WHO ARE WE?
WILLIAM PENNY FARTHING GOOSEN
AYTUL AISA KARIKIS
KHALID AL SALEM
WHAT IS FOREIGN BRANDING?
Foreign branding is a method used by companies to label their products or services as originating from a country other than their own to appeal to a larger demographic.
The foreign branding strategy is used to make consumers believe that the product and services originate from a more favourable country with the use of foreign words/phrases and sounds.
Doritos is a prime example of foreign branding in action, the name 'Doritos' is derived from a Spanish word with many consumers assuming that the product is created in a Spanish speaking country.
Doritos is actually created by an American company at Disneyland back in the early 1960's in California, USA.
Companies do this to:
- Increase profits
- Appeal to more people
- Create value
Surprisingly, Dolmio is also using the foreign branding method to increase production, profits and consumer awareness. Everyone assumes this brand is from Italy when in reality it is in fact from the Australian company Masterfoods.
OLD EL PASO
Most people assume that this brand is created in Mexico when the reality is its actually created in U.S.A. Old El Paso advertisements as shown previously are portrayed in Spanish identifying to consumers that the food is authentic and is created on the premise of family values.

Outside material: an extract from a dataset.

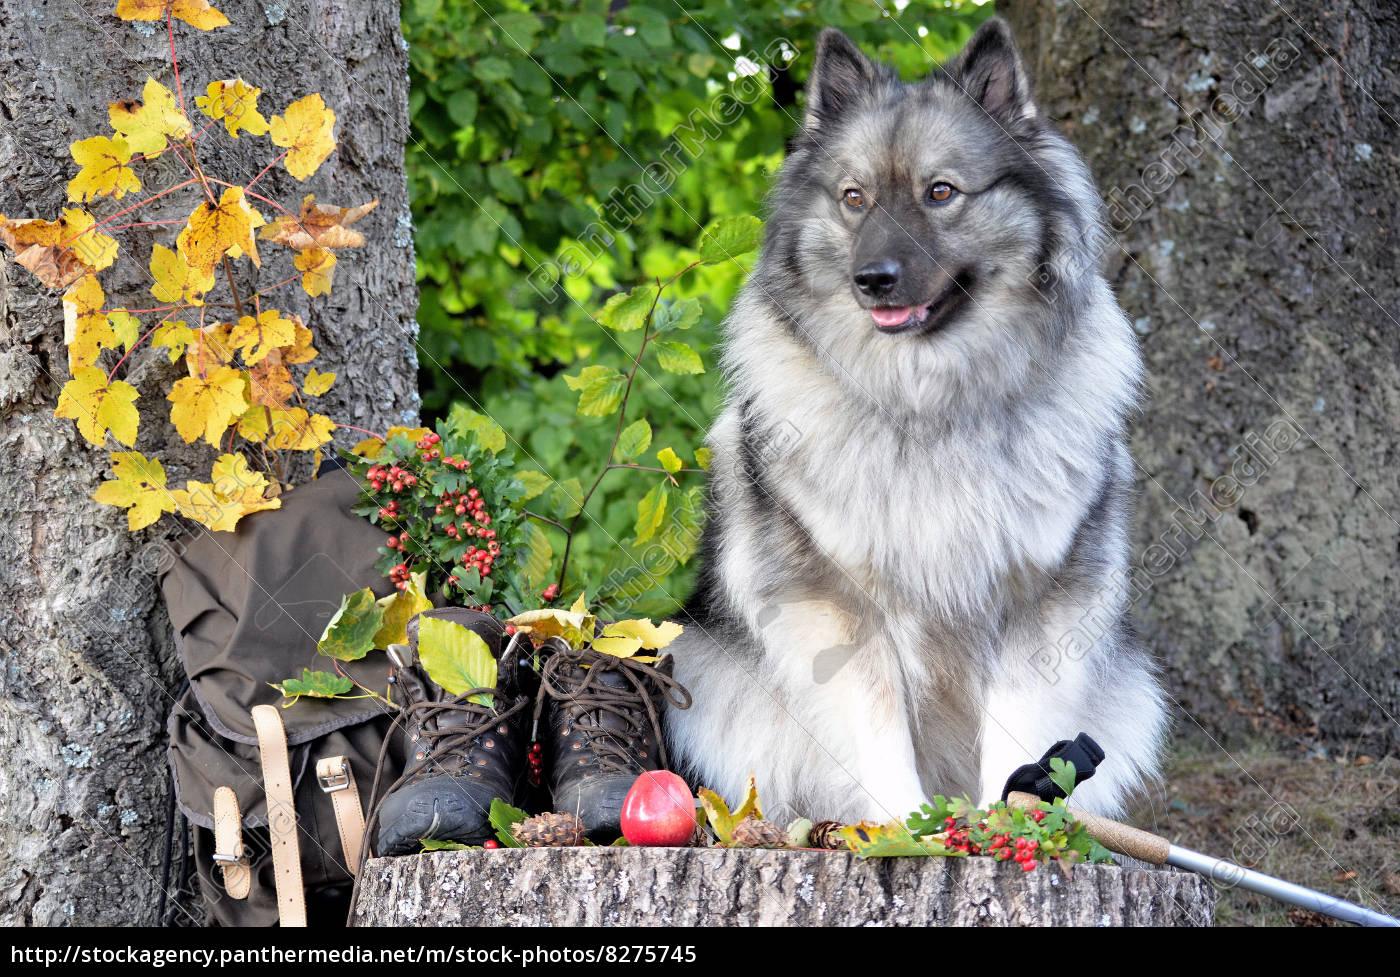 Lizenzfreies Bild 8275745 Hund Herbst Pause Wandern

Brands do this because ultimately consumers, particularly with food, are more drawn to foods that are authentic and marketed as if they originate elsewhere.
Haagen-Dazs is actually created in New York although the name suggests otherwise. This is because Rueben and Rose Mattus, founders of the company, decided to use foreign branding to sell high-end ice cream under the name Haagen-Dazs which is derived from Denmark.
FOREIGN BRANDING IN ACTION
Companies decide on a foreign name to appear more authentic and increase brand awareness/perception that is hedonic (pleasant feeling) in nature.
LEADS TO INCREASED WILLING TO BUY
If customers feel good and have a hedonic perception of the company name they are more willing to purchase the product/service.
INCREASED WILLINGNESS TO PAY
Customers are more willing to pay higher prices if they feel they are experiencing authentic products that foreign branding portrays.
MORE PROFIT AND POSITIVE BRAND IMAGE
It is empirically proven that foreign branding has a positive impact on brand performance.
Country of origin
Country of Origin is different to foreign branding and acts as its inverse, wherein a product is labelled as being from the country it originates from.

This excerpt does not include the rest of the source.